The opinion of the court was delivered by: Jeffrey L. VIKEN United States District Judge
ORDER DENYING DEFENDANT'S MOTION TO RECONSIDER
On May 8, 2012, the court entered an order denying defendant James LaDeaux's motion to suppress. (Docket 58). Although the court found law enforcement's warrantless entry violated Mr. LaDeaux's Fourth Amendment rights, the court concluded Mr. LaDeaux's alleged subsequent actions purged the taint of the police illegality. Id. at pp. 15-16. Because Mr. LaDeaux's alleged subsequent actions could constitute a new and distinct crime, evidence obtained after he allegedly committed a new crime is not fruit of the poisonous tree and is not subject to the exclusionary rule of the Fourth Amendment. Id. In reaching this decision, the court relied on United States v. Schmidt, 403 F.3d 1009 (8th Cir. 2005).

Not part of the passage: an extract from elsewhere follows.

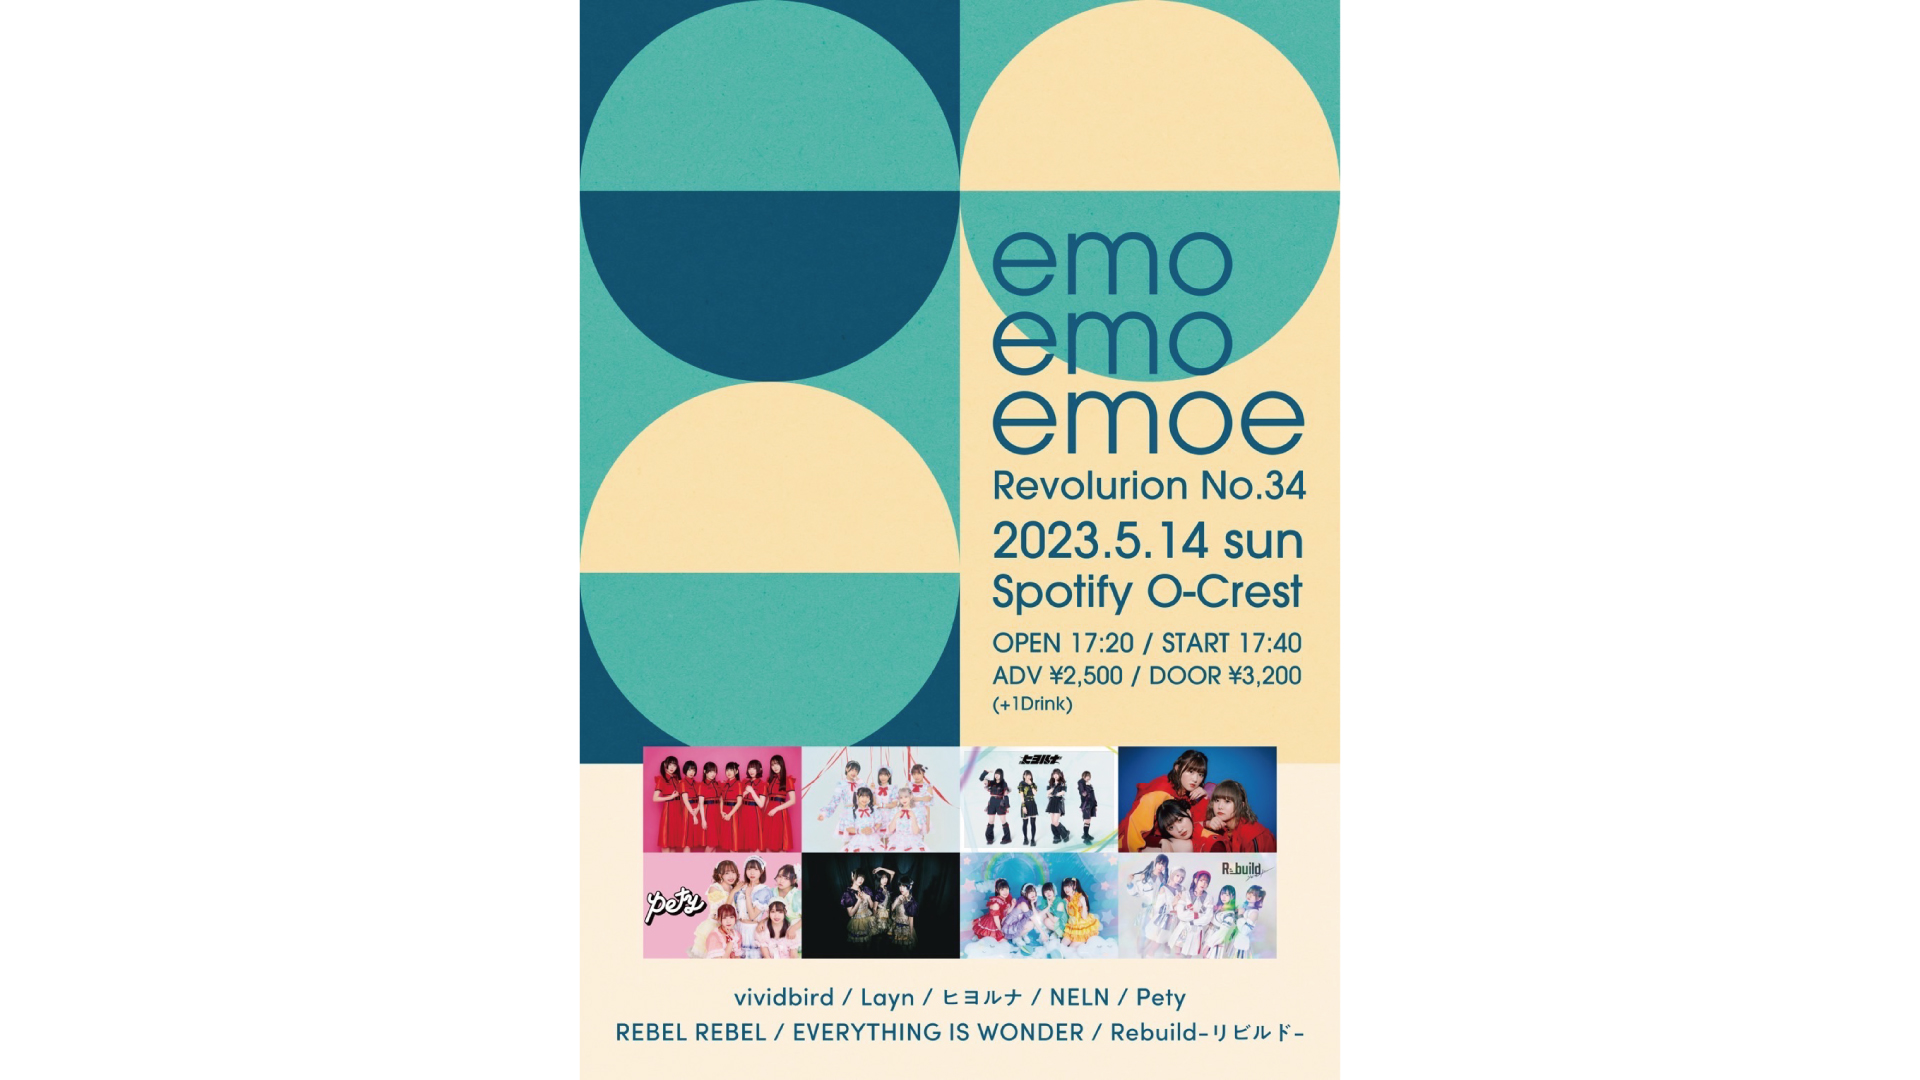 emoemoemoe_Revolution No. 34_23/5/14

The court also cited to United States v. Waupenkenay, 973 F.2d 1533 (10th Cir. 1992). Mr. LaDeaux moves the court to reconsider its ruling because of the court's citation to Waupenkenay. (Docket 59). Mr. LaDeaux misunderstands the court's citation to this case.
The facts in Waupenkenay are similar to the facts in Mr. LaDeaux's case in that the United States Court of Appeals for the Tenth Circuit found the police officers' entry into defendant's residence was unlawful, but evidence of defendant's subsequent assault on the officers was not fruit of the poisonous tree and was admissible. 973 F.2d at 1536. The Tenth Circuit reached this conclusion by finding defendant did not have a legitimate, reasonable expectation of privacy in his home when he initiated criminal activity, that is, the assault, in the presence of the officers. Id. at 1536-37. The Tenth Circuit opinion collected numerous cases from other federal and state courts that "uniformly rejected motions to suppress arising from skirmishes comparable to the one at issue in the instant case." Id. at 1537. The Tenth Circuit noted these courts "have considered situations in which a defendant seeks to suppress evidence relating to his or her violence or threatened violence toward police officers subsequent to an unlawful search or seizure or a warrantless entry." Id. Importantly, the Tenth Circuit noted as follows:
We note that, whereas our decision stems from the fact that Mr. Waupekenay lacked a legitimate expectation of privacy at the time he assaulted the officers, many of the above courts based their decisions upon somewhat different reasoning. Some courts have found the intervening act of the defendant to be so separate and distinct from the illegal entry or arrest as to break the causal chain.
Other courts have stressed the limited objective of the exclusionary rule--i.e., deterring unlawful police conduct by excluding evidence obtained as a result of such conduct--and the strong public interest in preventing and punishing force or threats of force directed against police officers.
The rationale that is most applicable depends upon the underlying facts of the encounter. Here, we have chosen to rely on the defendant's lack of a reasonable expectation of privacy; in other situations, a different rationale may be more appropriate. However, whatever rationale is used, the result is the same: Evidence of a separate, independent crime initiated against police officers in their presence after an illegal entry or arrest will not be suppressed under the Fourth Amendment.
In denying Mr. LaDeaux's motion to suppress, the court did not reach its ruling by means of the "expectation of privacy" analysis. The court reached its ruling by means of the "new and distinct crime" analysis of Schmidt. The court cited Waupekenay because it is an excellent collection of inter-circuit cases where courts, faced with similar motions to suppress, used different analyses to reach the same results. Because Mr. LaDeaux cannot overcome Schmidt, the court's ruling stands. Accordingly, it is hereby
ORDERED that Mr. LaDeaux's motion to reconsider (Docket 59) is denied.